The overall performance comparison in Table 2 shows that our method is superior to the baselines on almost all evaluation datasets. The LLL corpus is the only one that our method does not perform best, but we also obtain a competitive result with Thomas et al.31 From Table 1, we found that the LLL test set only contains 330 instances, which is far less than the other PPI test sets. The limited size of the LLL corpus will likely lead to the significant score variance among different methods. Also, Thomas et al31 employed rich handcrafted feature vectors in their RE system, such as lexical and dependency parsing features. Following the shortest dependency path hypothesis, they created the respective dependency parse tree by using the syntactical and dependency information of edges and vertices. However, the dependency parsing features are not included in our system. These may be the major reasons for the worse performance on this dataset. It should be noted that DDI in DrugBank includes both drug synergy and DDI. However, the DDI corpus includes only DDI information from DrugBank. Ideally, it is better to remove drug synergy from DDI in DrugBank because this part of the data may interfere with the model prediction. However, for a fair comparison, we followed the benchmark data31 and did not remove this part of the data. As shown in Table 2, BioBERT achieved relatively high F1-scores on the may-prevent and may-treat datasets, but it does not perform well on the DDI corpus, 2011, test set. This may be due to the fact that the DDI distantly labeled set contains more noisy data, and BioBERT is a supervised RE model that lacks the denoising module for noise reduction. It further demonstrates that the distantly supervised RE task is challenging, and simply applying a supervised RE model to weakly supervised datasets will get unsatisfactory performance.

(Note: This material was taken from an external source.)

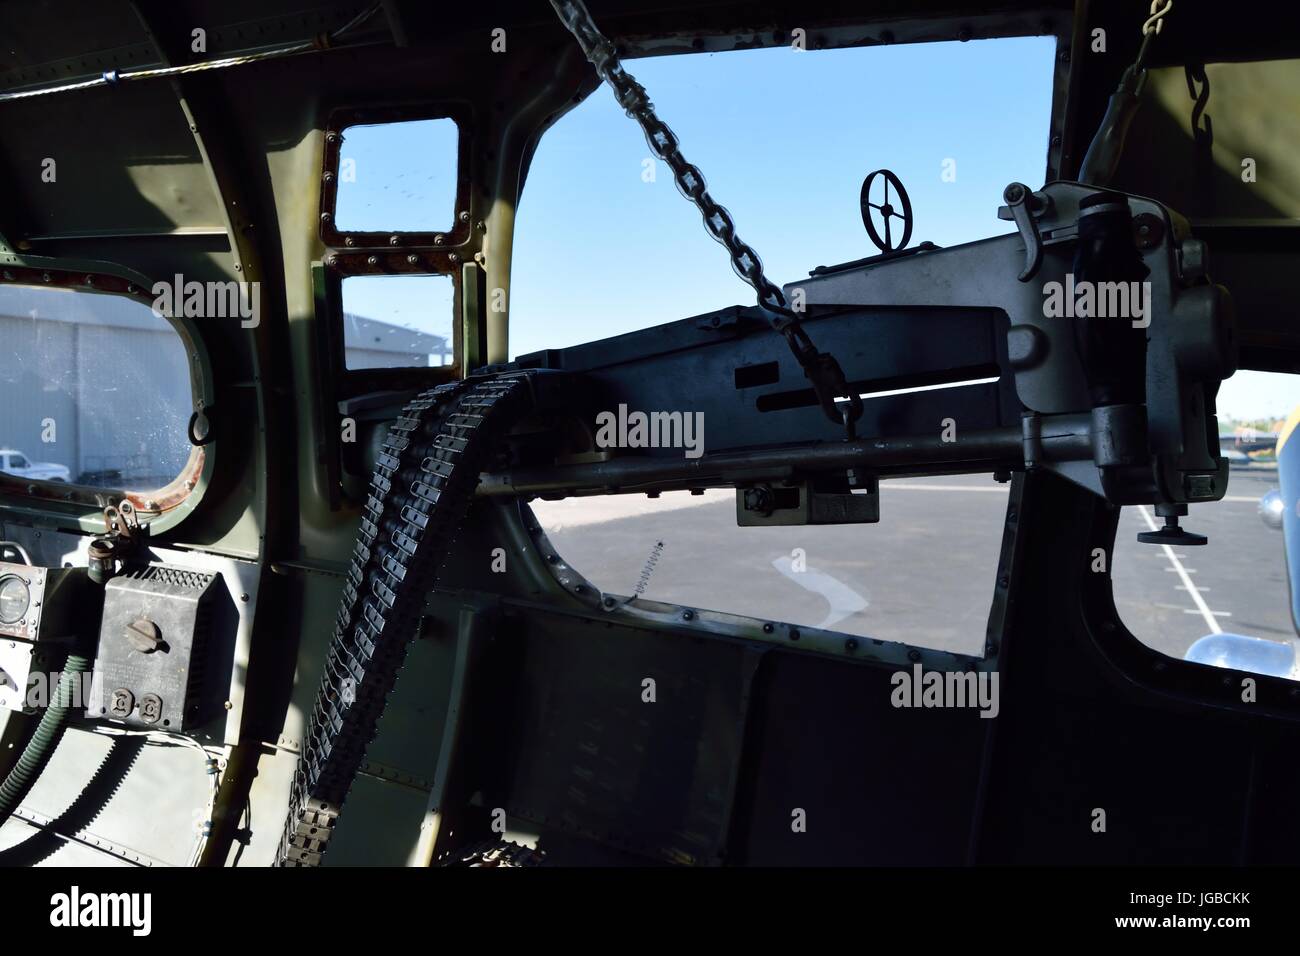 Interior of a Boeing B17 Stock Photo

From Table 3, we demonstrate the effectiveness of the usage of multichannel word embeddings, and we consider it may be due to the following advantages: (1) it decreases the number of unknown words by looking up the same word in different resources; (2) external information has been introduced by sharing among different embeddings; and (3) it is difficult to mine relation between biomedical mentions only using general word embeddings—however, biomedical word embeddings are suitable. To validate the contribution of filter attention, we show a visualization example in Figure 3. In this case, when the window size is equal to 4, it contains both the head and tail entities, and the PACNN model can directly extract information from the phrase: “ritonavirinduction ofmethadone.” However, when the window size is 2 or 3, only the information of the head entity can be obtained. Therefore, the attention weight is the largest when the window size is equal to 4. Finally, for the contribution of each component, we can conclude that (1) rich semantic information can improve the performance, (2) filter attention is of great importance for encoding semantic information, and (3) the RL denoising module would affect the total distantly supervised model’s performance.

Figure 3.

Figure 3.

Example of filter attention weights according to different window sizes.

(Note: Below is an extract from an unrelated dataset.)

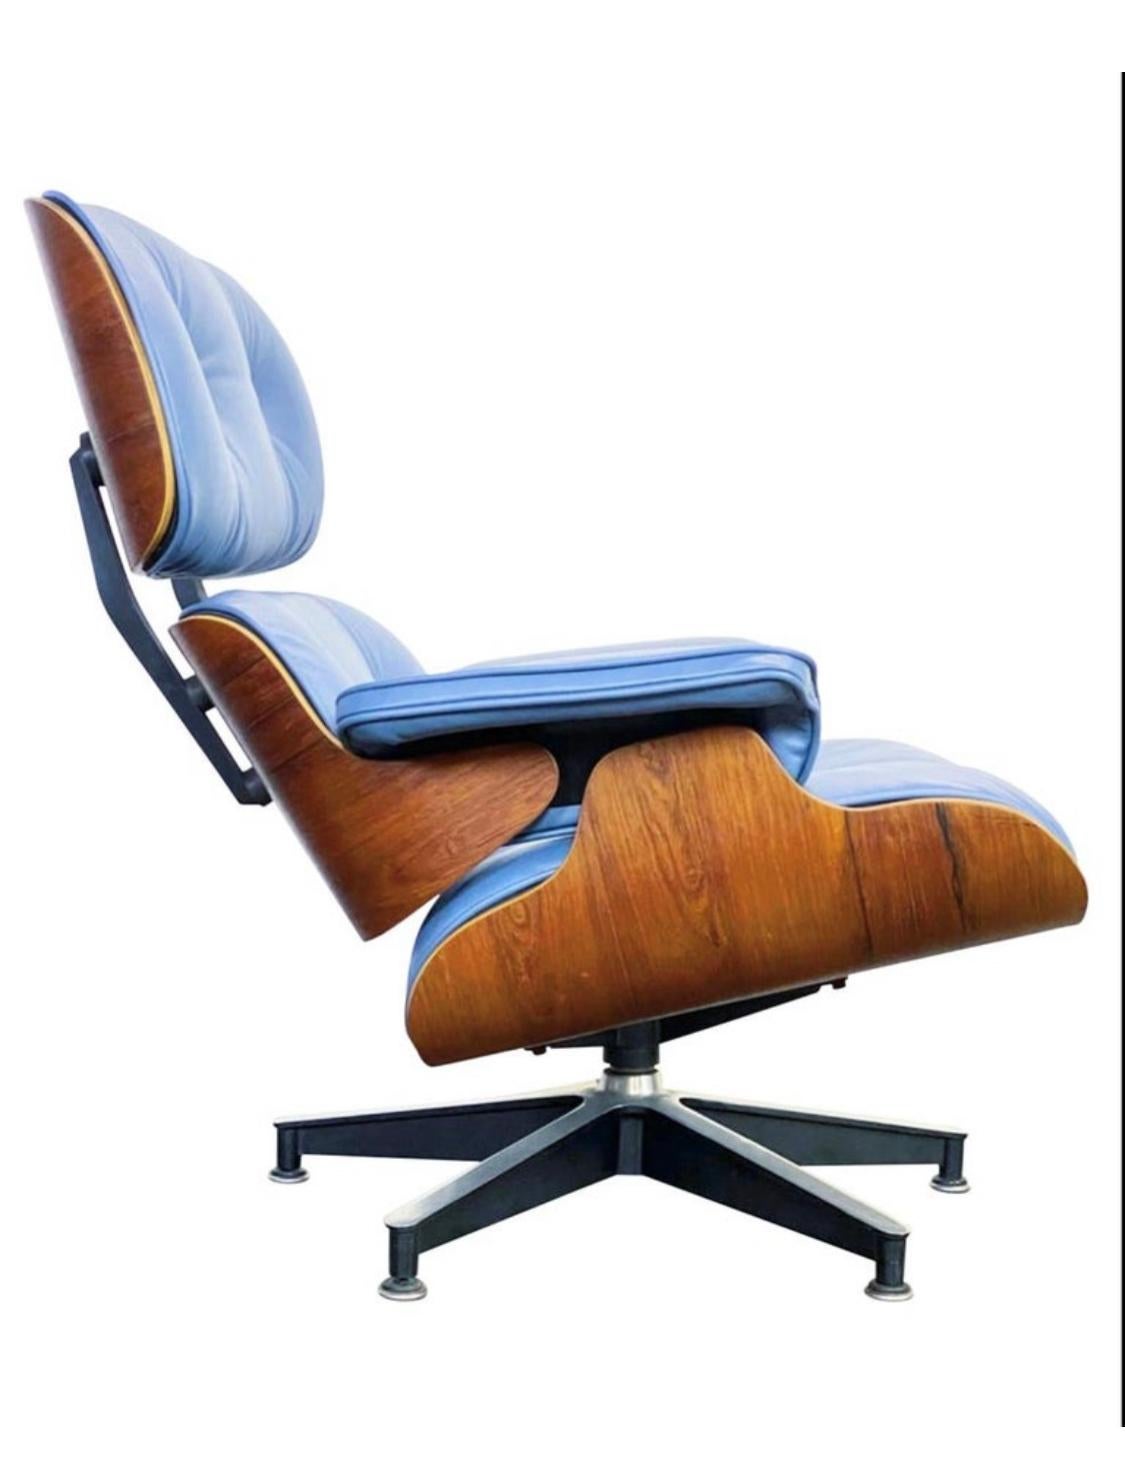 Restored Herman Miller Eames Lounge Chair with Custom Blue Leather 2

Performance on supervised RE scenarios

We have verified the proposed model on the DS corpora in the previous section. However, many RE models are applicable to supervised scenarios. To further verify the proposed model, we conducted an experiment on the supervised RE dataset EU-ADR42 that contains gene-disease relation. Because the supervised corpus does not contain noise, we removed the RL module to better verify the relation classifier PACNN alone. As shown in Supplementary Appendix D, BioBERT v1.0 (+PMC)41 achieved the highest F1-score among all single models. The F1-score of BioBERT v1.0 (+PMC) on EU-ADR corpus is 0.0159 higher than our PACNN model, which benefits from pretraining on large-scale biomedical corpora. In order to take advantage of BioBERT’s pretraining capability, we fused our PACNN model with BioBERT v1.0. The fusion model PACNN (+BioBERT v1.0)* outperforms all single models with the highest F1-score, which is an increase of 0.0197 compared with PACNN and 0.0038 compared with BioBERT v1.0 (+PMC). It proves the effectiveness of the PACNN model and the BioBERT model in RE and understanding complex biomedical texts, respectively.

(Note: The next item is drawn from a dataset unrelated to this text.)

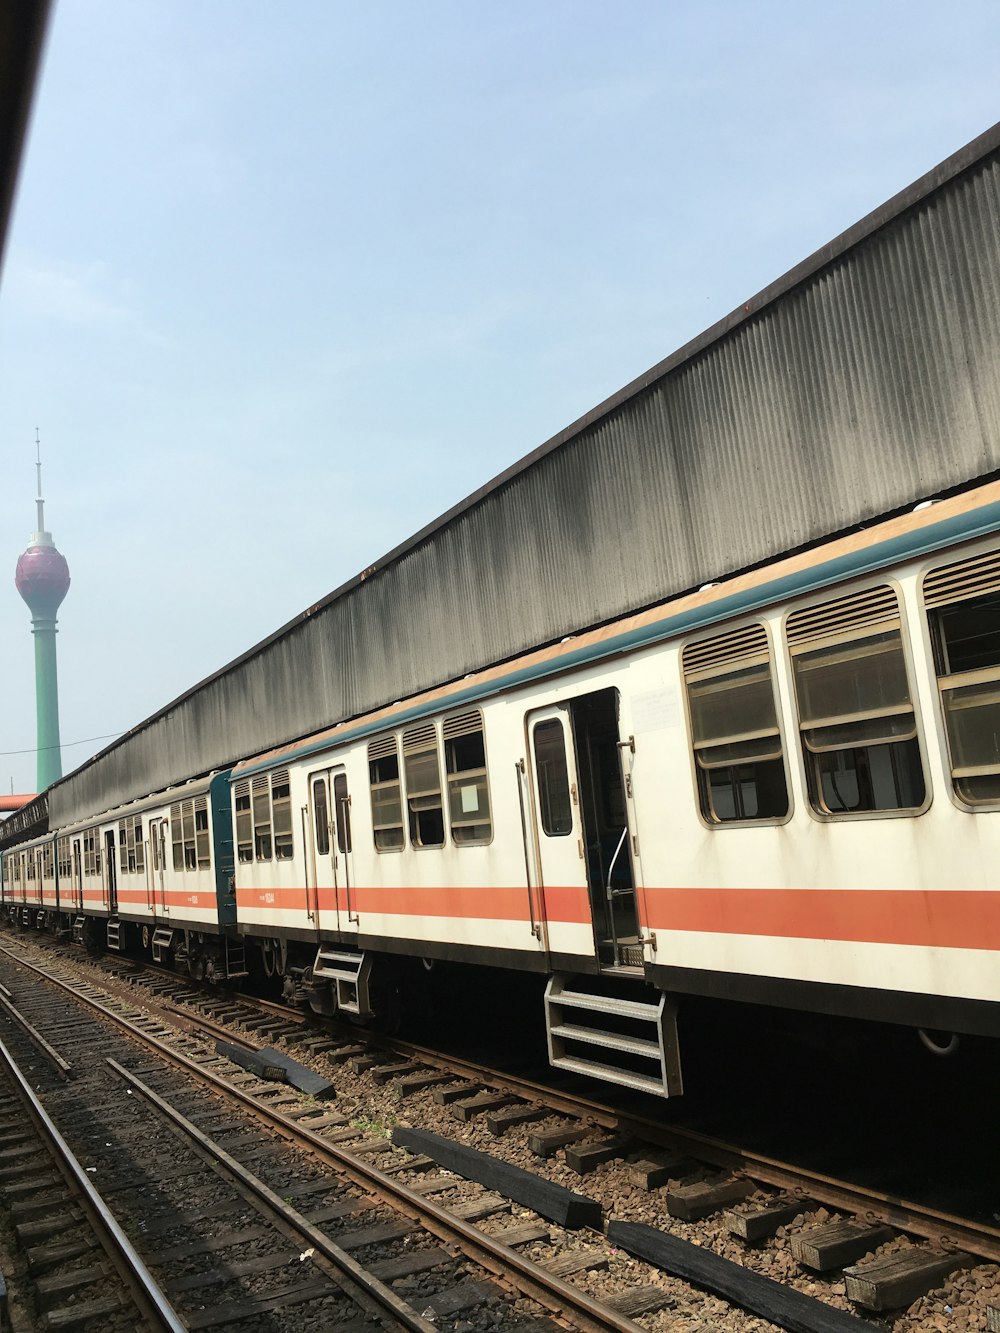 white, orange, and green train under blue and white sky during daytime

UMLS vs Semantic MEDLINE Database

The construction of distantly labeled data is based on biomedical KB whose quality could affect the final predictions. To study this effect, we compared UMLS that we used for training with Semantic MEDLINE Database (SemMedDB),43 which contains information about approximately 94.0 million semantic predications extracted by SemRep.44 Sentences with specific semantic predication (subject-PREVENTS-object and subject-TREATS-object) in SemMedDB are recorded as positive instances. The results of PACNN+RL on each KB are shown in Supplementary Appendix E. The proposed model achieved better performance on SemMedDB than UMLS on both may-prevent and may-treat test sets, and the improvement in performance may benefit from the high quality of SemMedDB that utilizes the NLP ability of SemRep.43 At the same time, it provides links between biomedical literature and structured semantic predications.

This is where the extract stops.